News Flash: Archeologists have found Sally Hemings house. Most of us know Sally Hemings was a slave owned by our third president, Thomas Jefferson. I wonder what, if anything, will her abode reveal.
I was a substitute high school teacher in the late 1980s, occasionally in charge of a high school Social Studies class.
“How many of you think women’s lib started in your lifetime,” I asked one day. Except for a couple of students clever enough to suspect a trick question, all raised their hands. So I told them about Abigail.
John Adams wife had watched her husband leave Boston for Philadelphia numerous times as he and a group of colleagues attempted to formulate rules for a new nation. She sat down and wrote him a letter asking him to remember the ladies, left at home to run the farm, raise the children, and perform other chores in which the men who were busy rule-making could not participate.

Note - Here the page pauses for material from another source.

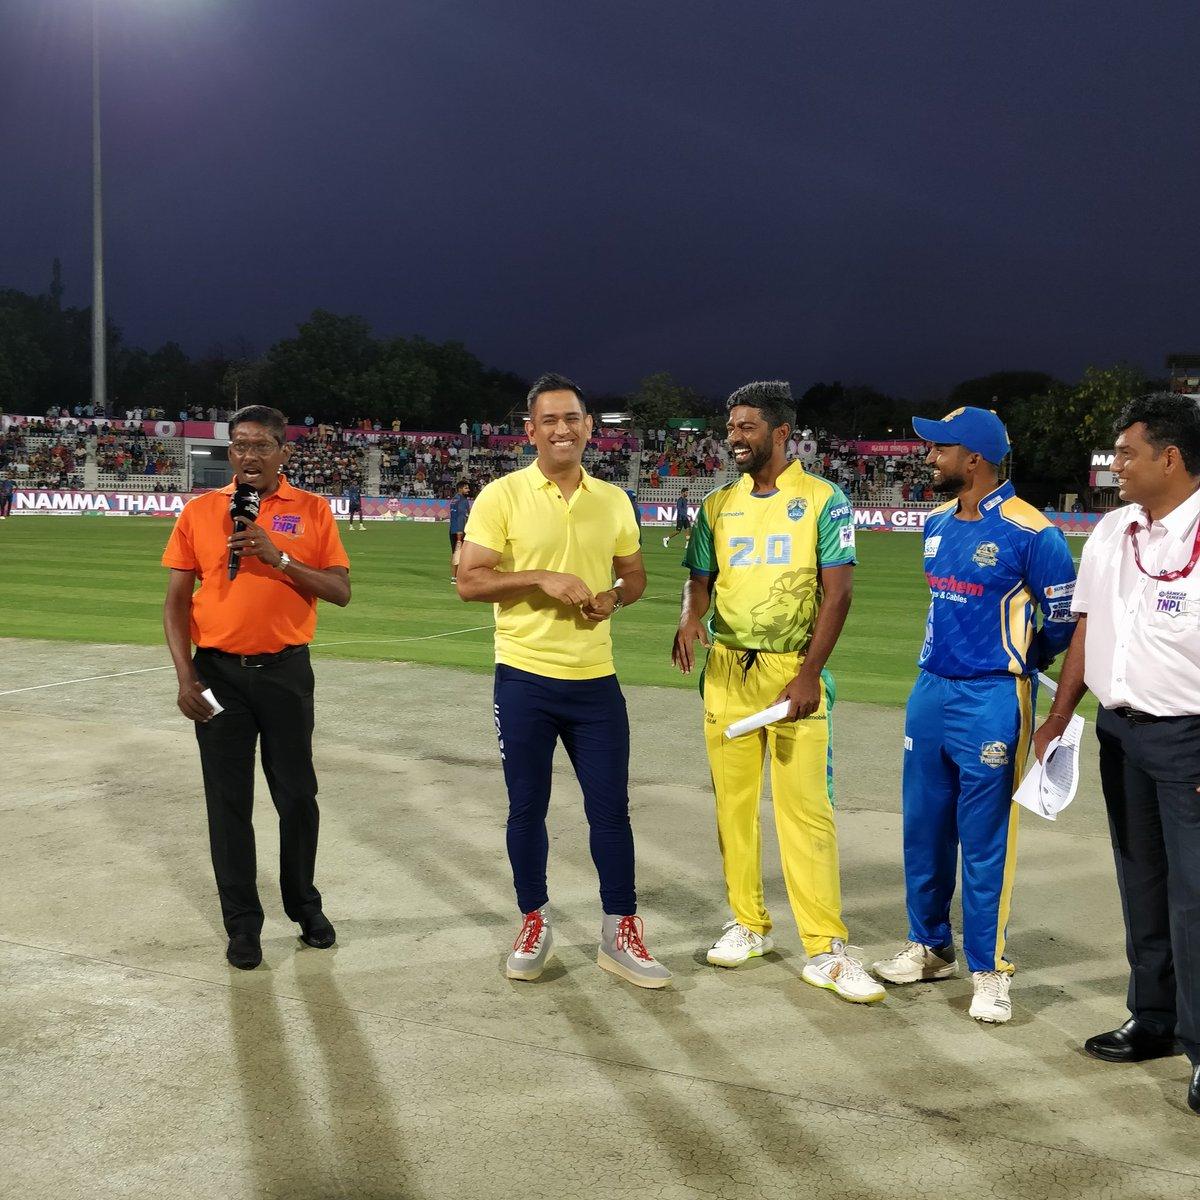 TNPL में नजर आये पूर्व भारतीय कप्तान महेंद्र सिंह धोनी, प्रसंशको ने ख़ास अंदाज में किया स्वागत 16

He may not have forgotten her, but more than a century would pass before woman were granted the right to vote.
If I recall my history correctly, the 13 colonies were effectively 13 individual countries, and some of them were not all that enthused about some of the others telling them how to run their business. South Carolina, for instance, threatened to pull out if it were forced to give up slavery. Such are the realities of politics, in which a group of current congressmen may insist, “Do this our way or we will shut down the government.”
It is easy to sit, nearly two-and-a-half centuries later, and indict men who owned slaves, George Washington and Thomas Jefferson among them. The latter is my favorite president, even as I know he did things of which I do not approve. In 1800, for instance, as Adams County was being carved out of York County and declared a county by itself, Jefferson and Alexander Hamilton were engaging in campaign tactics that would make a certain 2016 candidate look like a choir boy.
I’m not proud that Jefferson owned slaves, or that, in today’s parlance, he was “in a relationship” with one of them. But I have an idea how it happened.
Had he pushed too hard to abolish slavery as an institution, South Carolina probably would have bailed on the budding nation, taking several of its neighbors with it, and this conversation would be moot. And Jefferson certainly could not, as a white man, been known in public to be bedding a black woman. In fact, into at least the 1960s, there were laws in many states forbidding such so-called “mixed marriages.”
But Tom’s wife Martha had died in 1782. One might wonder whether Sally and Tom might have been not only lovers, but in love. Officially, his daughter was his First Lady, but that is a position of politics. I believe Sally Hemings – forbidden publicly to be his wife or First Lady – was nevertheless his partner.
Maybe that is wishful thinking, born in my mind by rules that do not allow the indictment of anyone under social laws long since erased. It seems too easy to say she could not have willingly been in love with him, simply because she was a slave and he her owner.
We humans have some odd ideas about our relationships with other humans. And we often react rather violently to any transgression involving those ideas.
But I think it’s worth asking whether there would have been a United States of America had Thomas Jefferson freed his slaves and publicly taken Sally Hemings as his wife.